Clearly TELZ is a ‘spec-grade’ credit, probably a single ‘B’, which is as low as I’ll buy. Therefore, my position is going to be small, and here’s where I borrow from my bond investing. By and large, a single corporate isn’t marketable. Yeah, I’ve bought and sold singles. But the lowest executable min is typically two, with five being common. But I refuse to bet that big. If I can’t get just 2 of a spec-grade issuer’s debt, I don’t buy. I’ll go 5 with the mid-tier stuff and ten with top-tier debt.

For the sake of easy understanding, let’s call those three tranches ‘Defensive’, ‘Enterprising’, and ‘Speculative’, and I fund them on this scheme: 2x (Defensive), 3x (Enterprising), 1x (Speculative) on the basis of ‘par’, not ‘price’. Thus, I’m typically having to pay a prem for the best stuff. I get the mid-tier stuff at a slight discount. The lower-tier stuff at a significant discount. And I avoid the lowest-tier stuff, the triple/double/single C’s. But here’s where this scheme makes it possible to traffick in junk. I’m never betting much money on any of the risky issuers. But I am gaining enough exposure to the tranche’s higher returns that wins likely exceed losses by enough of a margin that “playing it totally safe” is being too cautious. My mantra is this. “Buy widely. Buy small.” Thus, even though TELZ is a risky credit, I need to buy some in order to reduce the ‘issuer-specific’ risk that would come if I were making focused bets.

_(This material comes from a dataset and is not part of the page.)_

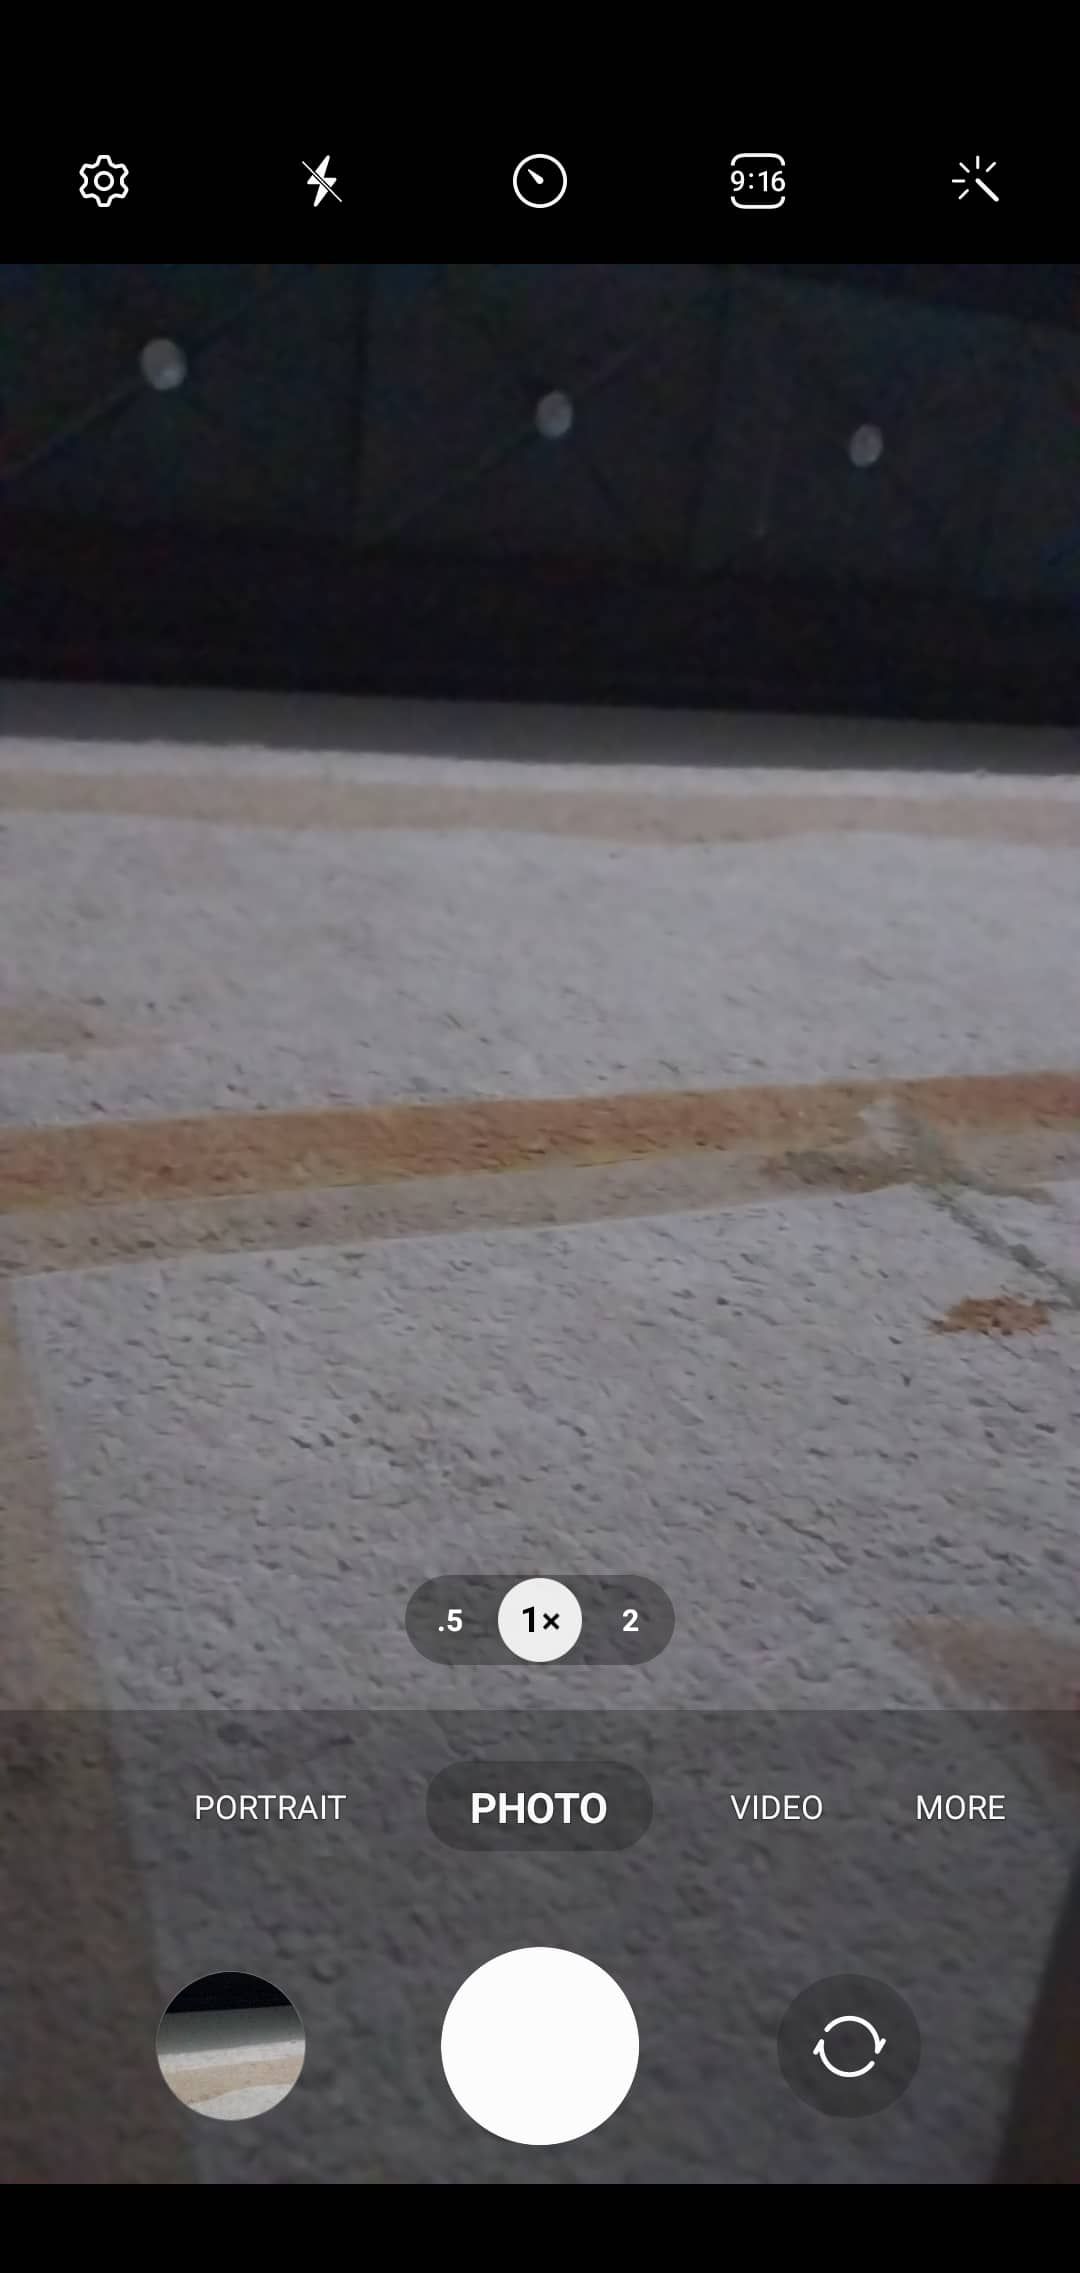 Normal camera view with 16:9 Aspect ratio on Android

Explanation: In Morningstar’s terms, I’m a ‘spectrum income’ investor, not a dedicated ‘junk-bond’ investor. Same-same with what I’m trying to do with preferreds. Schwab’s scanner for preferreds creates five tranches on the basis of CY: 0%-2%, 2%-4%, 4%-6%, 6%-8%, and >8%. By and large, the 0%-2% stuff isn’t worth looking at, though I’ve bought some of it, e.g., TVA and TVE (if I’m remembering the tickers right). But I’ll trade out of it when I can gain a ST profit. The 2%-4% tranche also offers slim pickings. But I have no problems with buying some of it, just because it’s unlikely to cause me grief. (That’s the “buy’em and forget 'em” stuff.) The next two tranches are where most of my buying happens. The 8% and better tranche is a shopping list I scan. But very little money gets put to work there, and as much to see what might happen as to turn a profit. Hence, I was glad you brought TELZ to the attention of the forum.



Great, informative post Arindam - thank you!